Labor advocates have supported the rule, saying employers have increasingly exploited lax rules to misclassify them and avoid paying minimum wage and benefits. In a report, the left-leaning Economic Policy Institute said construction workers, truck drivers, cleaners, landscapers, security guards and call center workers are among the most commonly misclassified workers. It estimated that misclassified construction workers lose between $10,177 and $16,729 per year.

Major business groups have opposed the new rule, saying could it burdens employers with costly and unnecessary regulations and threatens the flexibility of many workers who want to be contractors. The U.S. Chamber of Commerce issued a statement Tuesday saying it may challenge the new rule in court.

However, major app-based platforms have expressed confidence the new rule will not force them to reclassify their gig drivers.

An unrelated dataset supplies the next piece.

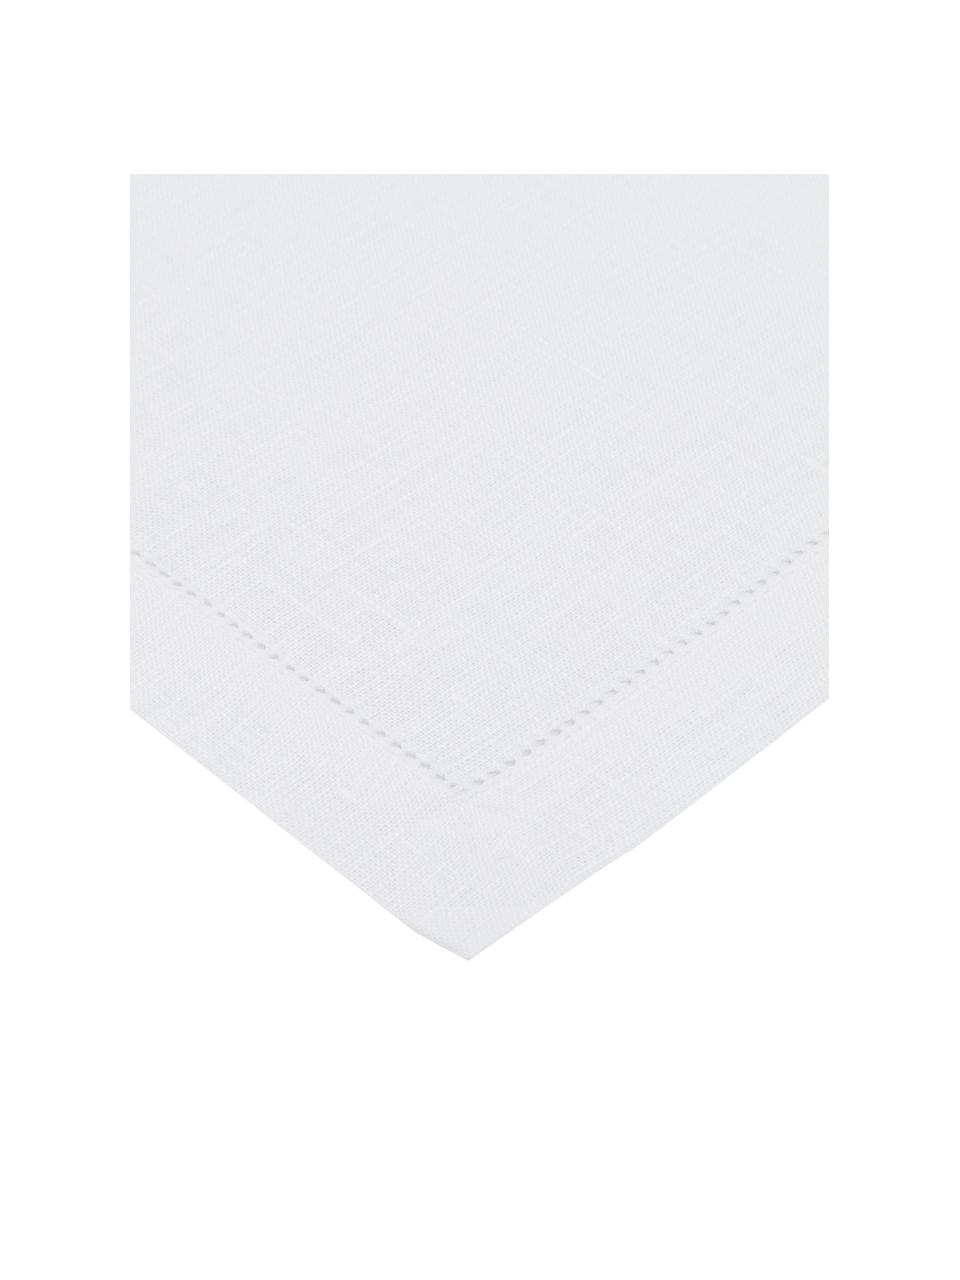 Sevilletas de lino Alanta, 6 uds., Blanco nieve, An 42 x L 42 cm

“This rule does not materially change the law under which we operate, and won’t impact the classification of the over one million Americans who turn to Uber to make money flexibly,” Uber’s head of federal affairs, CR Wooters, said in a prepared statement.

Flex Association, a group that represents major app-based rideshare and delivery platforms, said it expects no immediate impact to the app-based gig economy. Still, the group said that “new guidance could generate significant uncertainty for millions of small business owners and entrepreneurs.”

“That’s why we will seek to ensure implementation of this rule does not target workers who overwhelmingly turn to app-based platforms to earn supplemental income on their own terms,” Flex Association said.

DoorDash also it was “confident that Dashers are properly classified as independent contractors” under the new guidelines. Lyft said it expects the new rule will have no immediate impact.

The new rule comes at time when more states are passing laws that guarantee a minimum wage and other benefits for app-based workers, including New York last year.

Financial markets appeared to shrug off leaked news of the agreement on Monday. Shares of Uber and Lyft, which dropped 10% and 12% respectively when the administration unveiled the proposed rules in October 2022, rose 2.5% and 5.8% on Monday. Shares rose about 1% early Tuesday.

The new rule, while will take effect March 11, directs employers to consider six criteria for determining whether a worker is an employee or a contractor, without predetermining whether one outweighs the other. That’s a change from the Trump-era rule, which prioritized two criteria: how much control a company has over its workers and how much “entrepreneurial opportunity” the work provides.

The criteria also include whether the work requires special skills, the degree of permanence of the relationship between worker and employer, and the investment a worker makes, such as car payments. It also requires employers to consider whether the jobs performed by such workers are an integral part of the company’s business, potentially creating difficulties for app-based transportation platforms that rely almost entirely on gig drivers.

However, Jessica Looman, administrator of the Department of Labor’s Wage and Hour Division, said during a press briefing that final rule isn’t intended to apply specifically to certain industries or type of work.

The rule does not carry the same weight as laws passed by Congress or state legislatures. Instead, it offers an interpretation of who should qualify for protections under the 1938 Fair Labor Standards Act.